IQueryables of the first group don't execute the query, they only change the Expression. As long as you concatenate LINQ statements from this group, the query is not executed, the database is not contacted. The value of the query is an IQueryable<TResult>.

Only after you start enumerating by using a function of the other group, like ToList, the query is executed: the Expression is sent to the Provider, who will translate the query into SQL and fetch the data from the database. The fetched data is returned as an enumerable sequence.

You get the error The LINQ expression ... could not be translated. I would have expected that you got this error after starting enumerating, not after concatenating several LINQ statements.

** Ok, but how do I solve my problem **

I'm not sure what your requirements are. You give us a LINQ statement, and says that it doesn't do what you want, but you didn't write what you want.

You stated that there is a one-to-many relation between Alerts and Matches: every Alert has zero or more Matches, every Match belongs to exactly one Alert, namely the Alert that the foreign key AlertID refers to.

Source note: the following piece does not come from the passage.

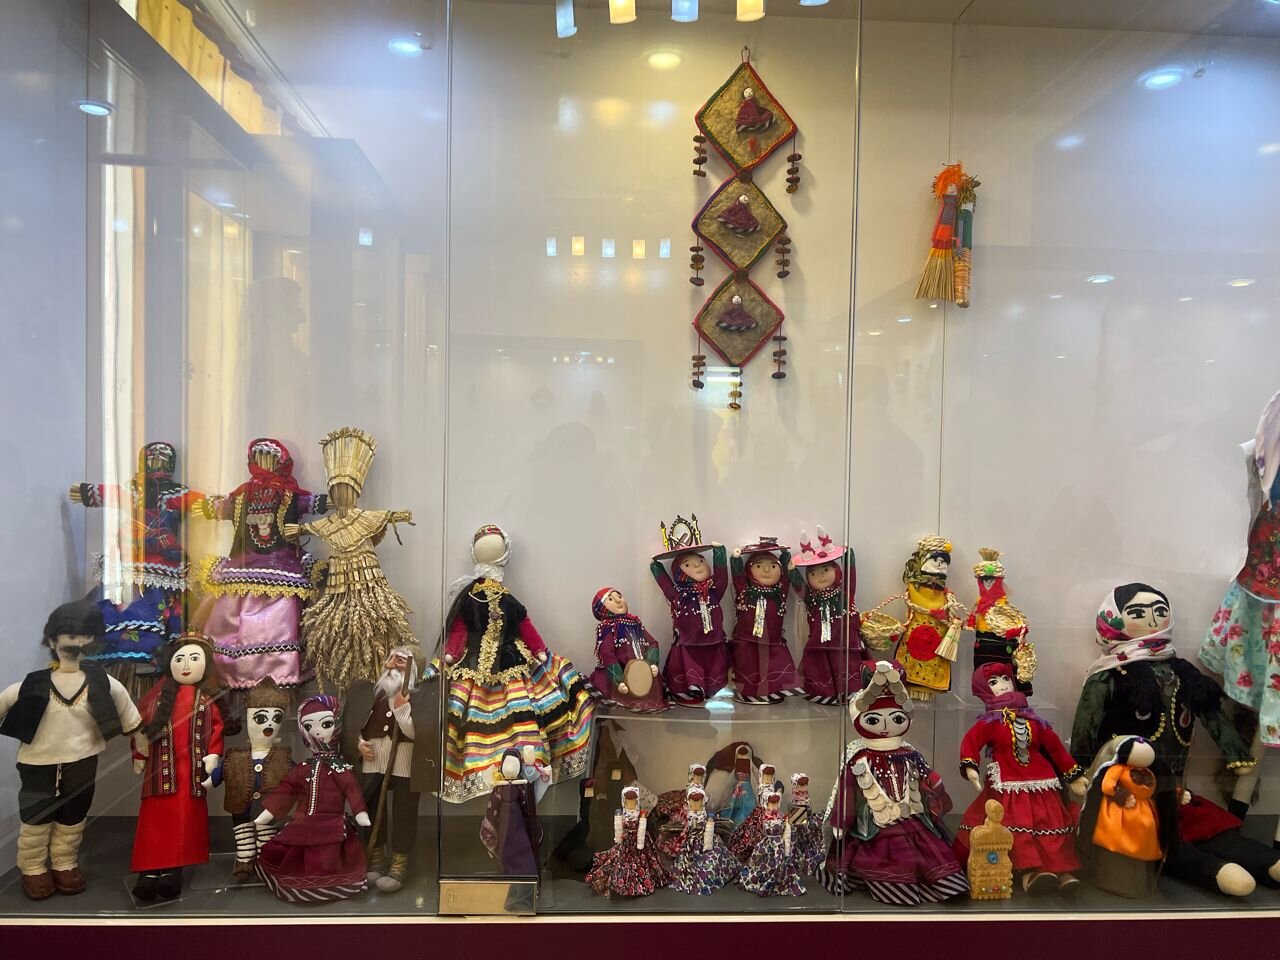 اینجا شهر جادویی عروسک هاست | سفر به دور دنیا با عروسک

Requirement: Give me (several properties of) the Alerts, each Alert with (several properties of) the Matches of this Alert.

In your code:

var groupedQuery = 
from a in _clientContext.Alerts
join m in _clientContext.AlertsMatches
    on a.AlertID equals m.alertID
group new { a, m } by new
{
    a.AlertID,
    a.AlertDate,
    a.AlertScore,
} into gr
select new
{
    AlertId = gr.Key.AlertID,
    AlertDate = gr.Key.AlertDate,
    AlertScore = gr.Key.AlertScore,
    ScenarioIds = gr.Select(x => x.m.Scenario.ScenarioId).ToList(),
};

The query isn't executed yet, but if you add a debug statement, something like the following, I think you'll see the error.

var debugResult = groupdQuery.Take(10).ToList();

My LINQ query syntax is a bit rusty. I think that the error has something to do with your GroupBy. Parameter keySelector seems a bit odd to me.

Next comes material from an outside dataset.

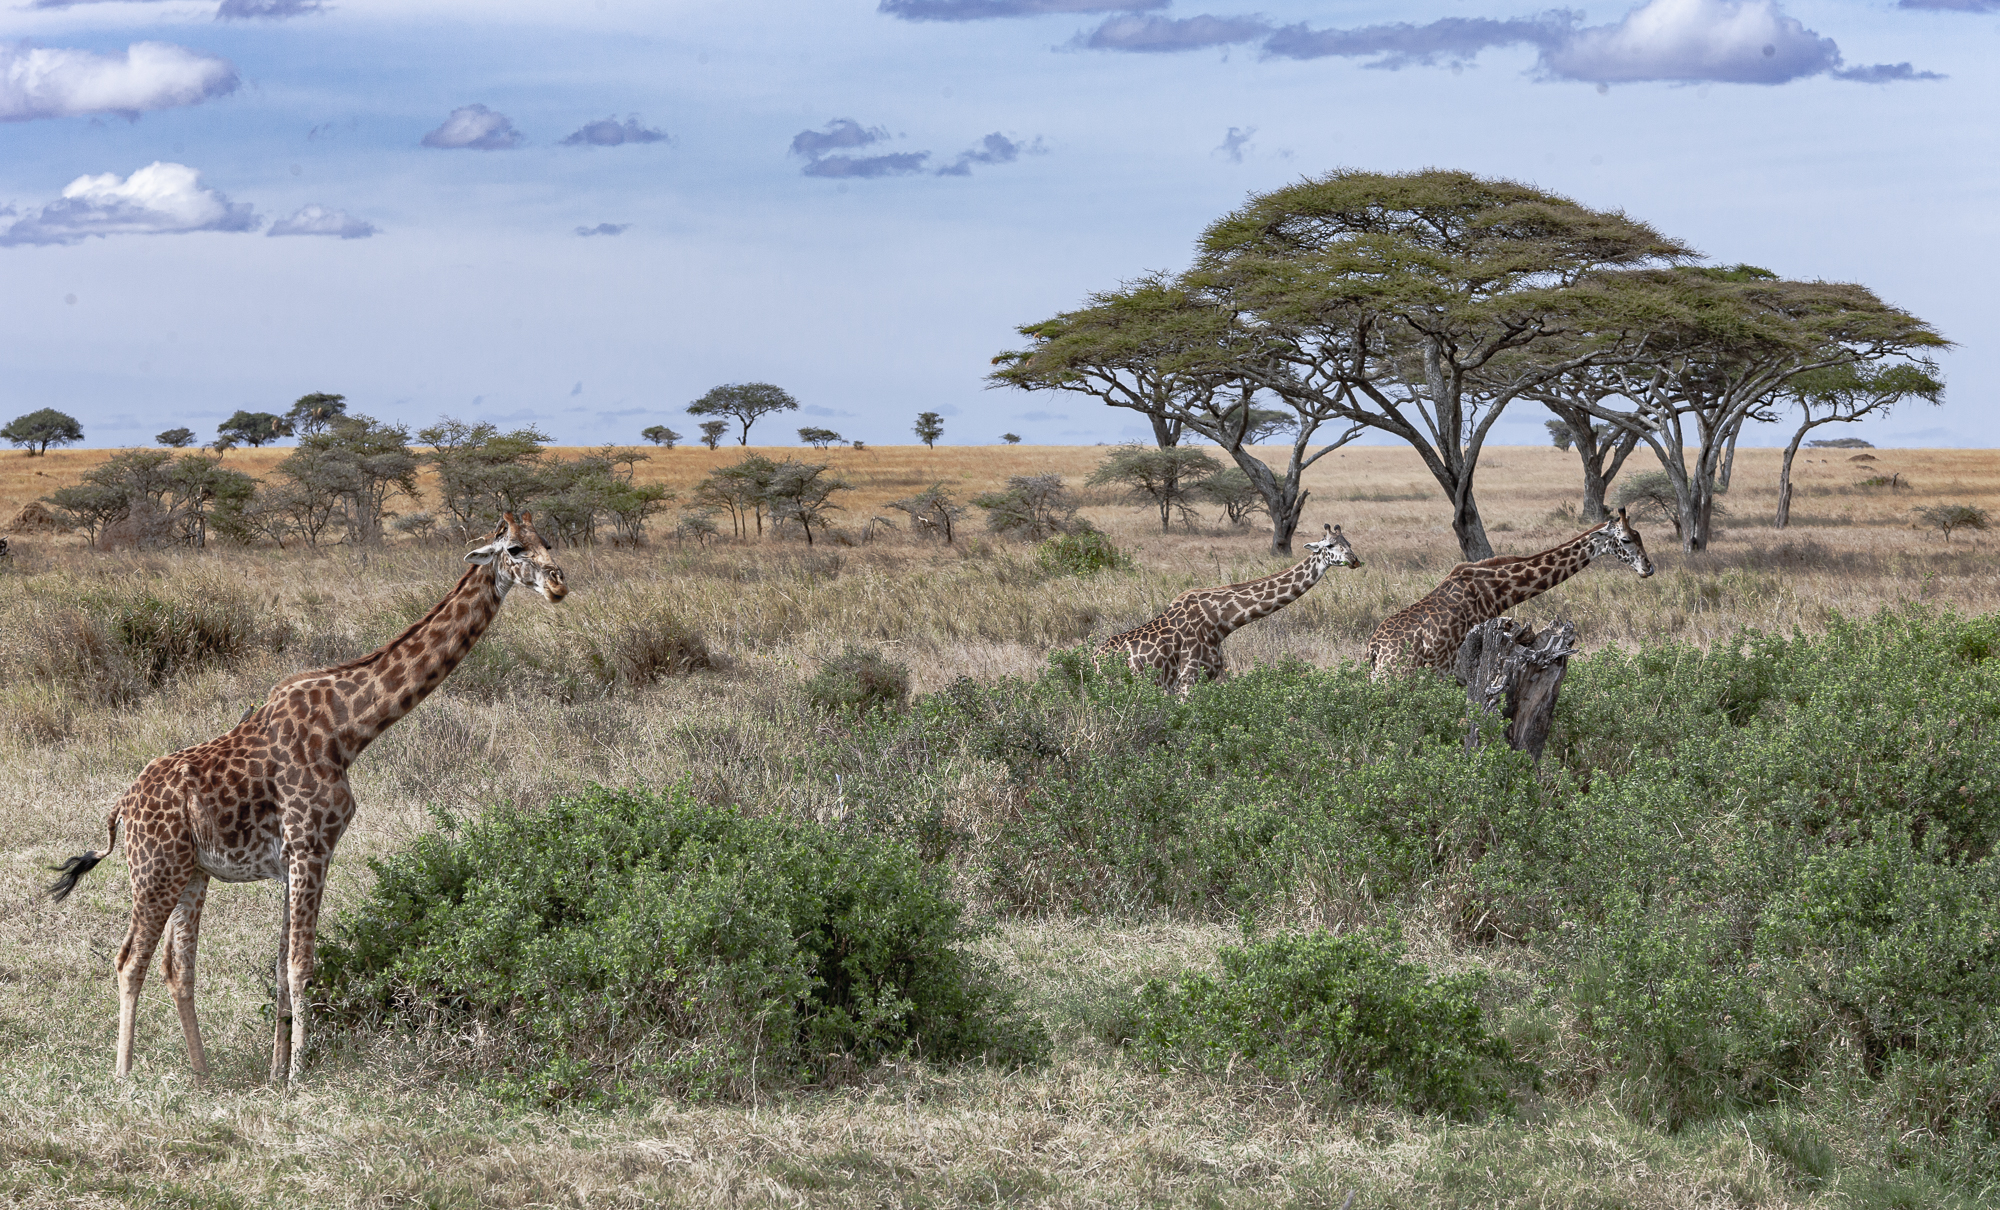 Giraffe, Tanzania, Africa 2008

Anyway, I always use method syntax. To fetch Alerts with their Matches, I use the overload of Queryable.GroupJoin that has a parameter resultSelector

// GroupJoin Alerts with AlertMatches
var alertsWithTheirScenarioIds = _clientContext.Alerts.GroupJoin(
_clientContext.AlertsMatches,
alert => alert.AlertId,         // from every Alert take the AlertId
match => match.AlertId,         // from every AlertMatch take the foreign key
                                // to the Alert that it belongs to

// parameter resultSelector: from every Alert,
// with all its zero or more AlertMatches, make one new:
(alert, matchesOfThisAlert) => new
{
    Id = alert.AlertId,
    Date = alert.AlertDate,
    Score = alert.AlertScore,

    // fetch the Ids of all matches that belong to this alert:
    ScenarioIds = matchesOfThisAlert.Select(match => match.ScenarioId).ToList(),
});

var debugResult = alertsWithTheirScenarioIds.Take(10).ToList();

Does this solve your problem?

Let's continue:

var query = from item in groupedQuery
select new AlertsDTO
{
    AlertId = item.AlertId,
    AlertDate = item.AlertDate,
    ScenarioIds = ScenarioIds
};

It seems to me that you create the same sequence as in groupedQuery, only without the Score. If you don't want to use the Score, why select it in the groupedQuery?

Anyway, if you haven't found the error yet, you can also add a debug statement here:

var debugResult2 = query.Take(10).ToList();

If this works correctly, let's move on to your next statement:

if (scenarios != null && scenarios.Length > 0)
{
    ...
}

Apparently scenarios is an array of something.

if (scenarios != null && scenarios.Length > 0)
{
    // keep only those Alerts that have at least one ScenarioId equal to 2
    query = alertsWithTheirScenarioIds
        .Where(alert => alert.ScenarioIds.Any(scenarioId => scenarioId == 2));

    // You know the drill by now. What happens if you add the debug statement:
    var debugResult3 = query.Take(10).ToList();

    // in your code you don't use the previous query, you immediately change it:
    // keep only those alerts that only have ScenarioIds equal to 2
    query = alertsWithTheirScenarioIds
        .Where(alert => alert.ScenarioIds.All(scenarioId => scenarioId == 2));

    var debugResult4 = query.Take(10).ToList();
}

If changing the code into method Syntax didn't help, I think that adding the debug statement helps you finding where exactly the error occurs.